Le indagini della Direzione distrettuale antimafia di Palermo coordinate dal procuratore Francesco Lo Voi e dall’aggiunto Paolo Guido stringono il cerchio attorno alla rete di complicità che continua a proteggere il capomafia condannato all’ergastolo per le stragi di Roma, Milano e Firenze del 1993.
Questa notte, un blitz dei carabinieri del comando provinciale di Trapani, del Ros e della Direzione investigativa antimafia ha portato in carcere 12 persone.
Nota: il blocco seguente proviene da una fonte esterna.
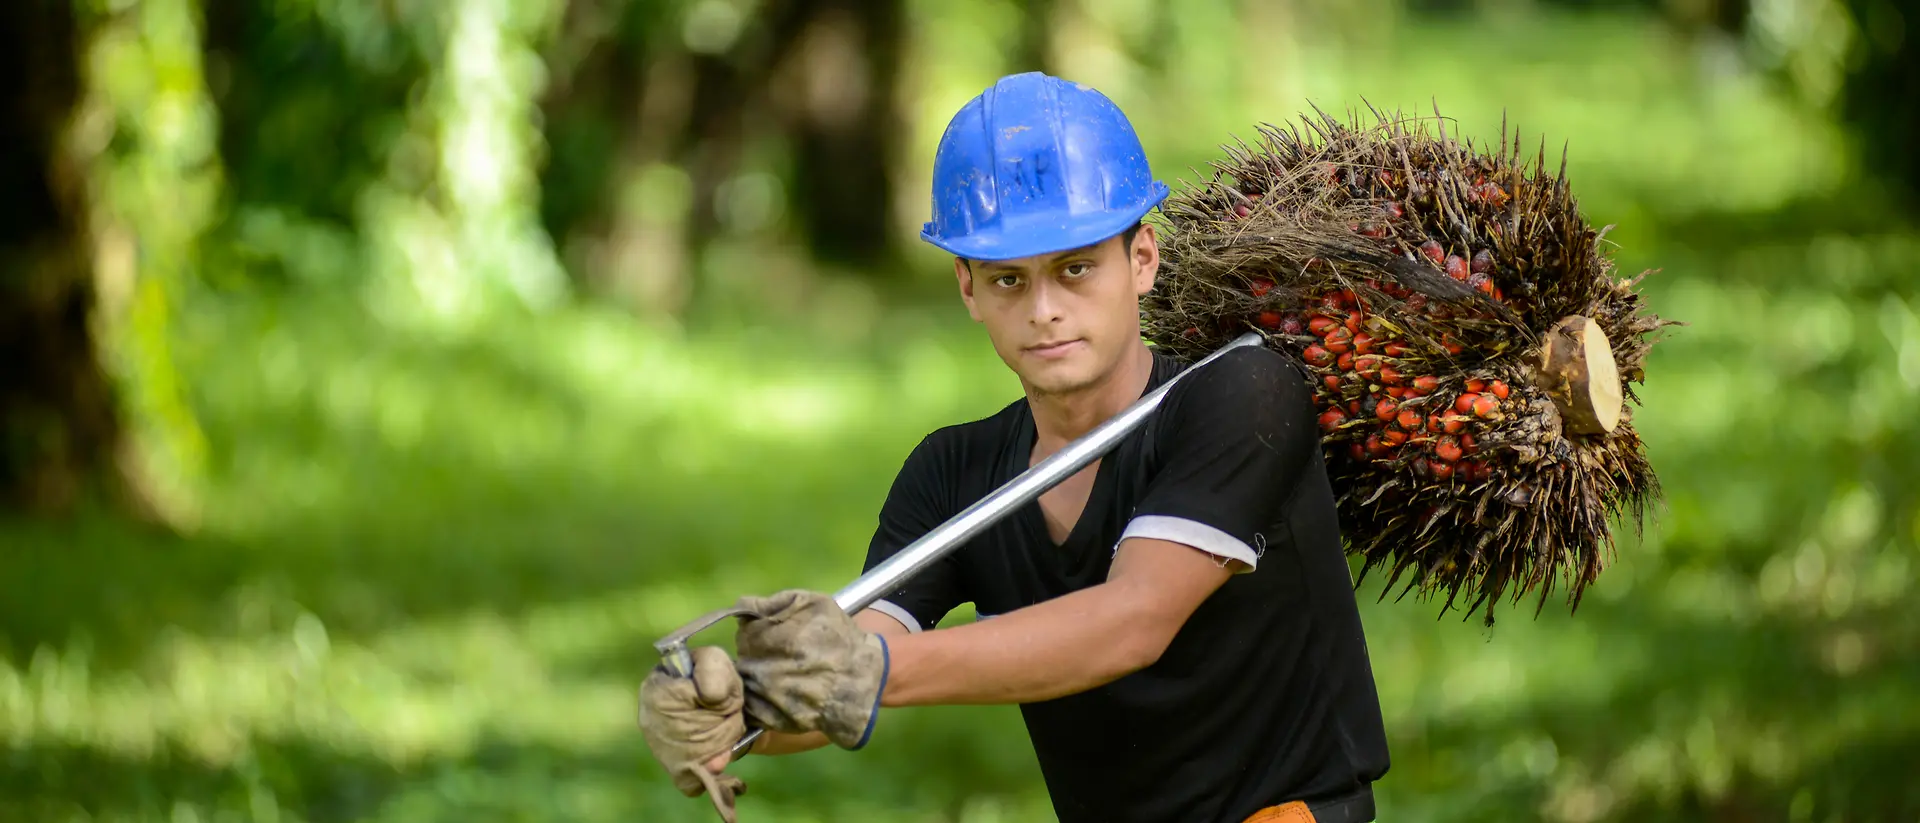 Arbeider die een blauwe helm draagt en palmvruchten draagt op een palmplantage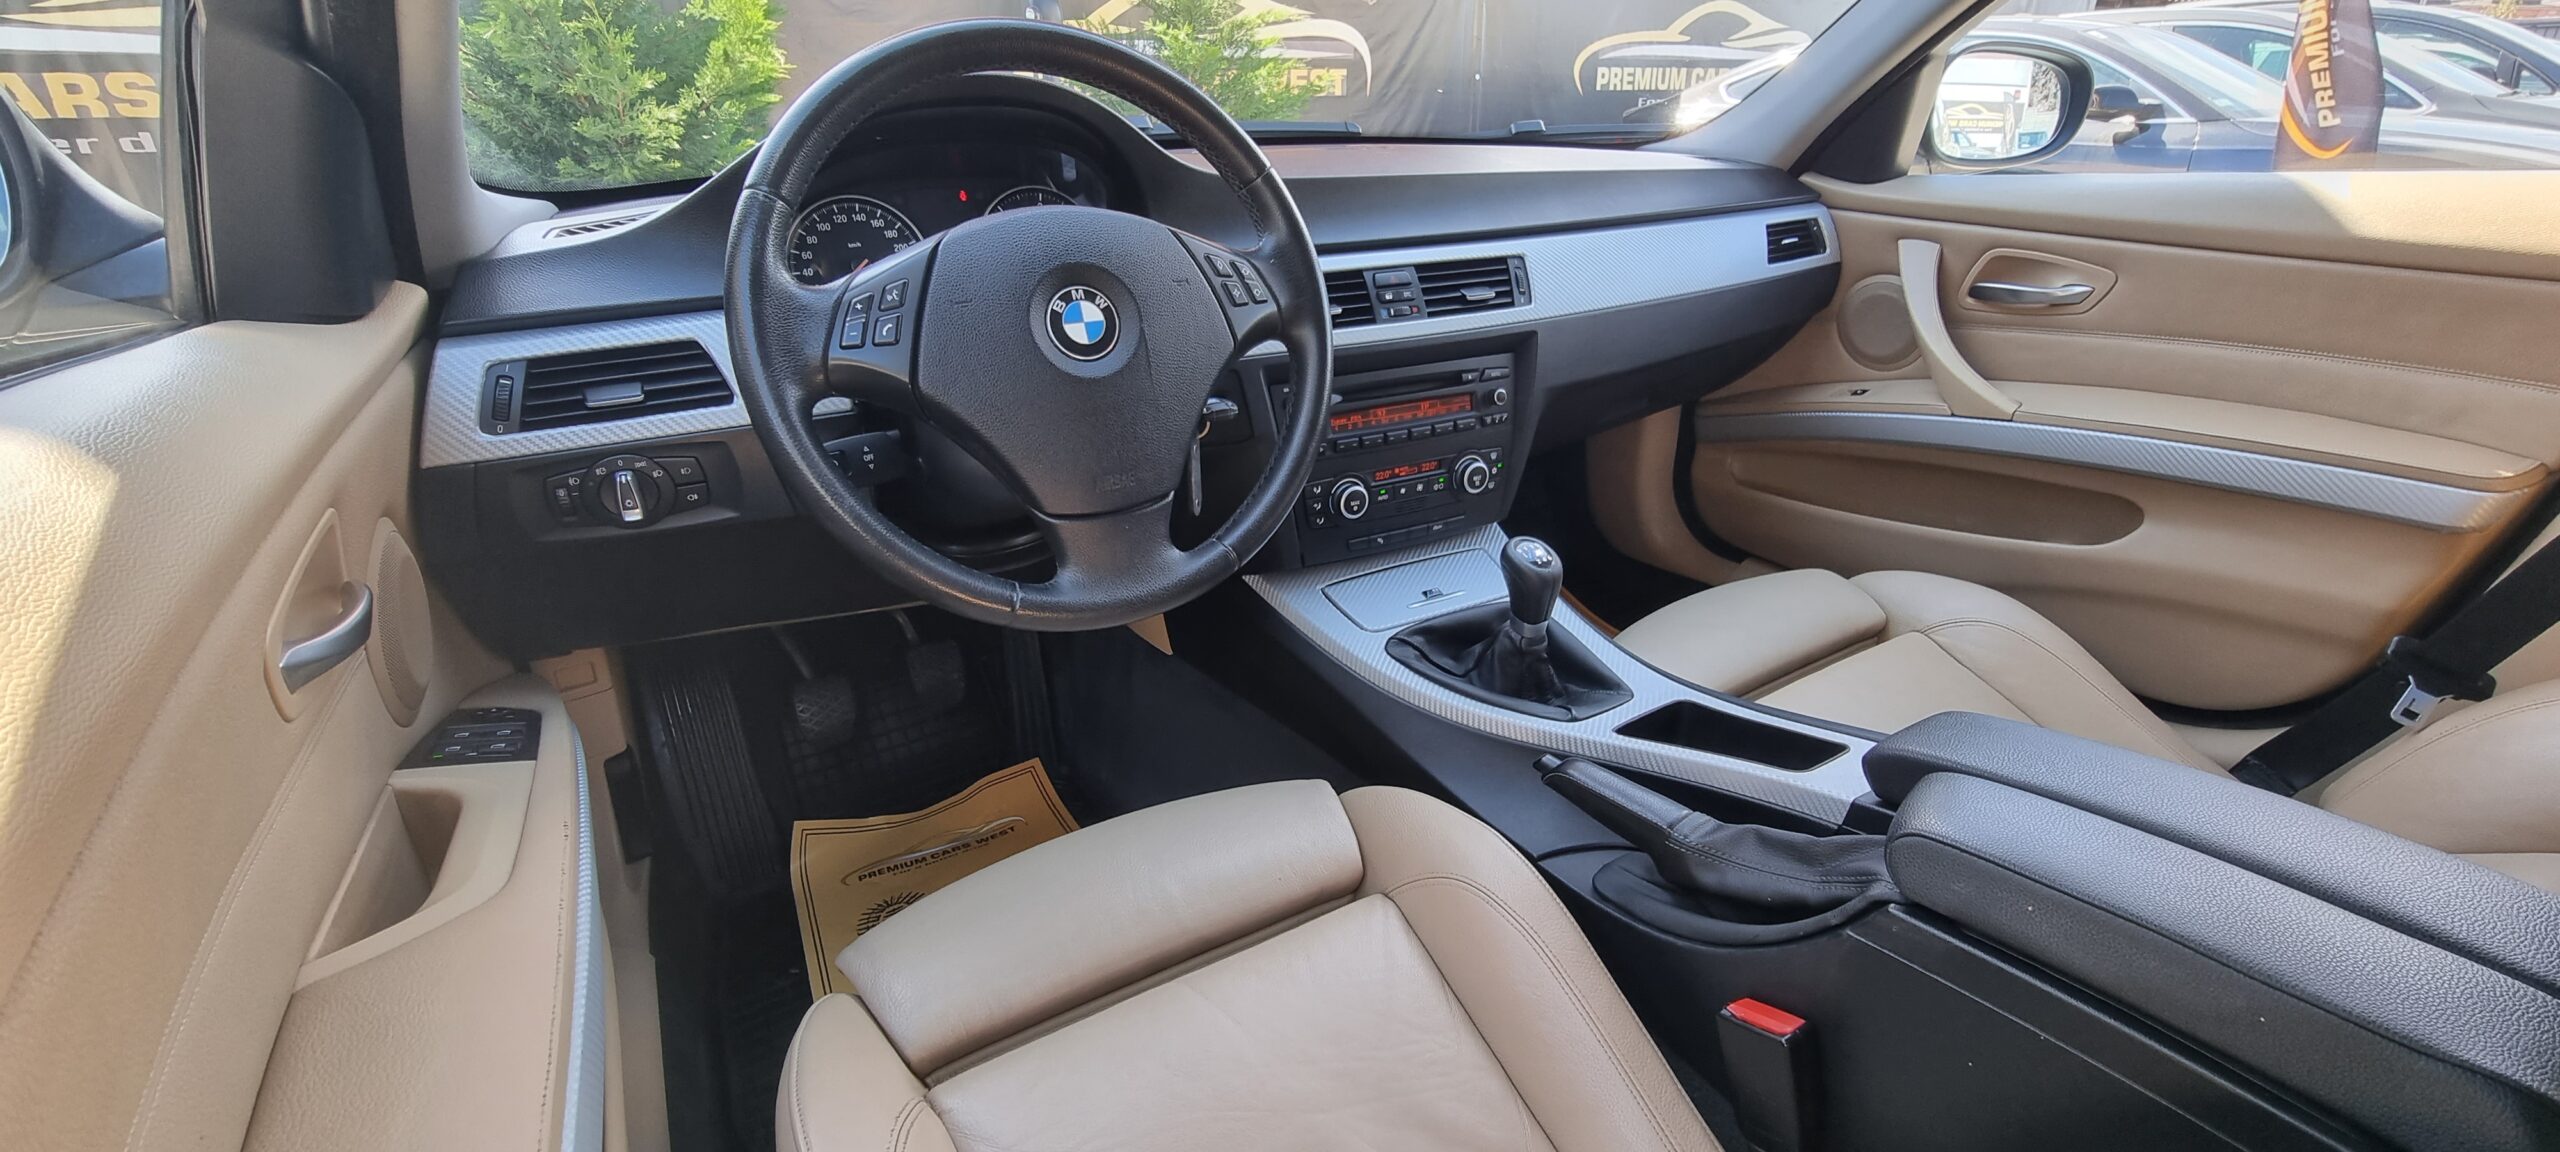 BMW SERIA 3, 2.0 DIESEL, 177 CP, EURO 5, AN 2008

Individuati i nuovi colonnelli del superlatitante sul territorio – i capi delle famiglie di Vita e Salemi, Salvatore Crimi e Michele Guacciardi – ma anche altri gregari, piccoli e grandi, erano gli snodi dell’organizzazione di Messina Denaro, che continua a comunicare attraverso i pizzini, biglietti di carta ripiegati fino all’inverosimile, che viaggiano in lungo e in largo per la Sicilia (e forse anche oltre) attraverso fidati postini.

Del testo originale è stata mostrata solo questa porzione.